Swing trading is a trading method that endeavors to acquire gains from stocks within a specific period, ranging from days to as long as weeks. Simply put, a trader looks for one single move or swing all while observing the market to exit trade before potential pressure surfaces. 

The premise of swing trading is to keep trades for a longer period of time; longer than a single day which commonly extends up to weeks. However, this definition supersedes what swing trading actually is.  In reality, swing trading encompasses day trading and trend trading as swing traders have the opportunity to keep a stock in specific timespan (days to weeks) as they place position heavily dependent on its intra-week oscillations. 


One of the most crucial factors to secure success in swing trading is the type of swing trading stocks one will choose. As this is the case, largely capitalized stocks are a viable pick as it is considered the most common and active stocks traded in prominent exchanges.  In a market setting, large cap stocks have high probability of swinging simultaneously between highs and lows as swing traders follow a particular price movement for days only to switch for its counterpart once the price reverses. 



Below are some of swing trading strategies that are guaranteed to clock in exponential success in swing trading. Though there are many ways to execute swing trading, the strategies below are proven and tested. 

  • BREAKOUTS– This kind of swing trading technique takes advantage of the early minutes of an uptrend when it comes to placing a trade.
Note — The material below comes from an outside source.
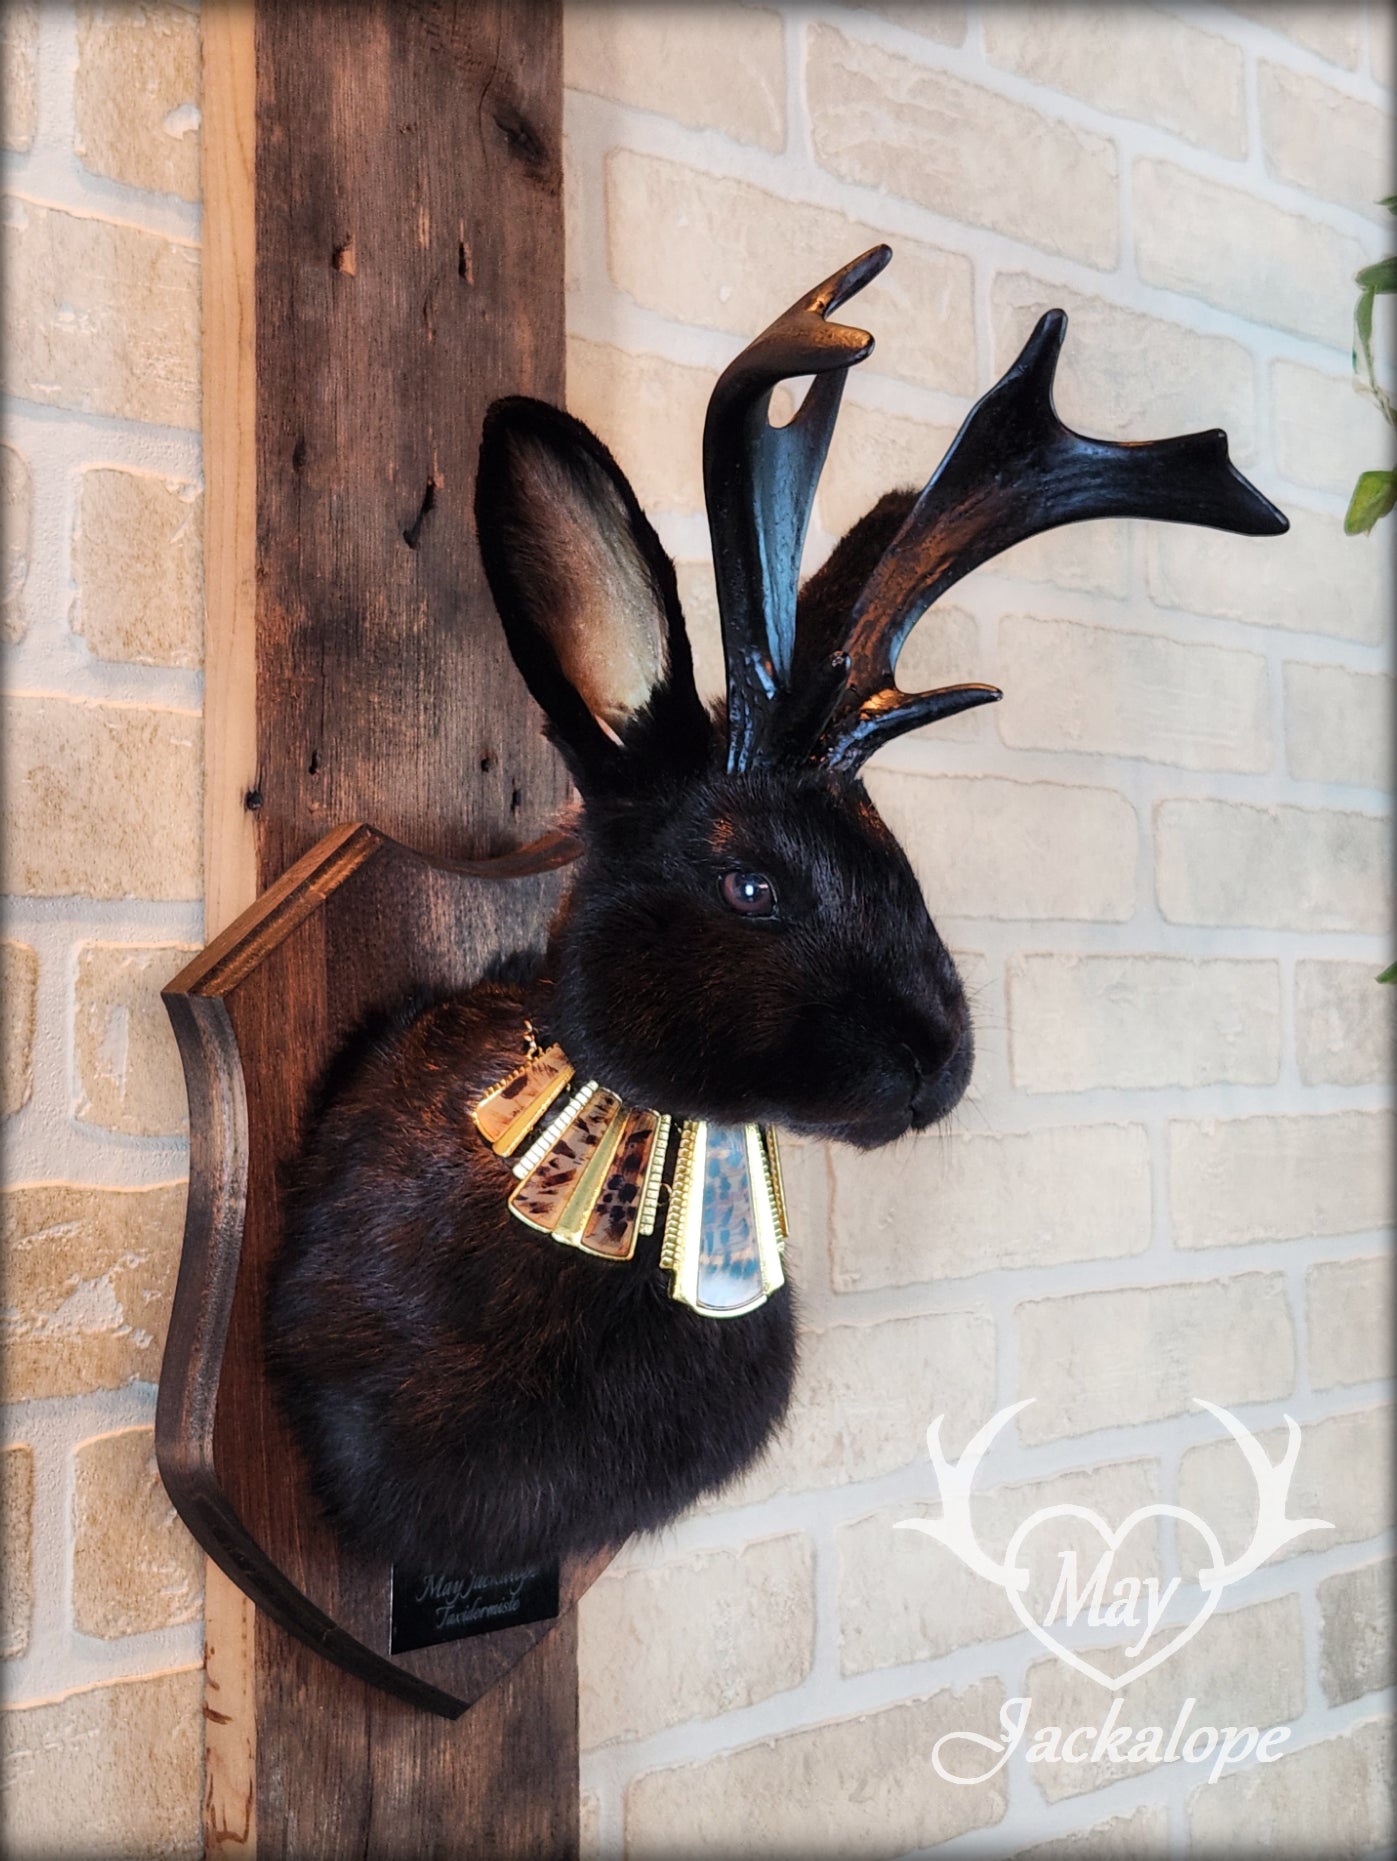 Black Jackalope taxidermy with dark eyes, black antlers replica & necklace.

Once a stock hit a certain level of movement and volatility all while breaking against crucial points of support or resistance, it is ideal to place a trade. 
  • BREAKDOWNS– This is known to be the counterpart of breakout technique whereas the premise of this is the opposite of the latter. Once the stock price approaches under a specific level of support, it is ideal to place a trade. 
  • SWING HIGH AND SWING LOW- This swing trading technique reveals crucial market information. A swing high’s formation is confirmed just when a third high is made after two consecutive lower highs. More so, a swing low is confirmed when a price moves lower after two consecutive higher lows. 


A swing trader might want to note that closing a trade neutral enough to upper or lower channel without much accuracy is crucial. Being too precise might bring much risks like losing a potential opportunity to trade. In pressing market with stocks showing a persistent directional trend, it is important for swing traders to wait the channel line to be reached before taking profit. 


Swing trading came to be an ideal trading style that suits newbie traders. In line, it also provides profit possibility for novice traders. It allows traders to clock in adequate returns after days of monitoring and trading in swings. However, swing trading is only convenient for those traders who know how to capture weekly and monthly market trends.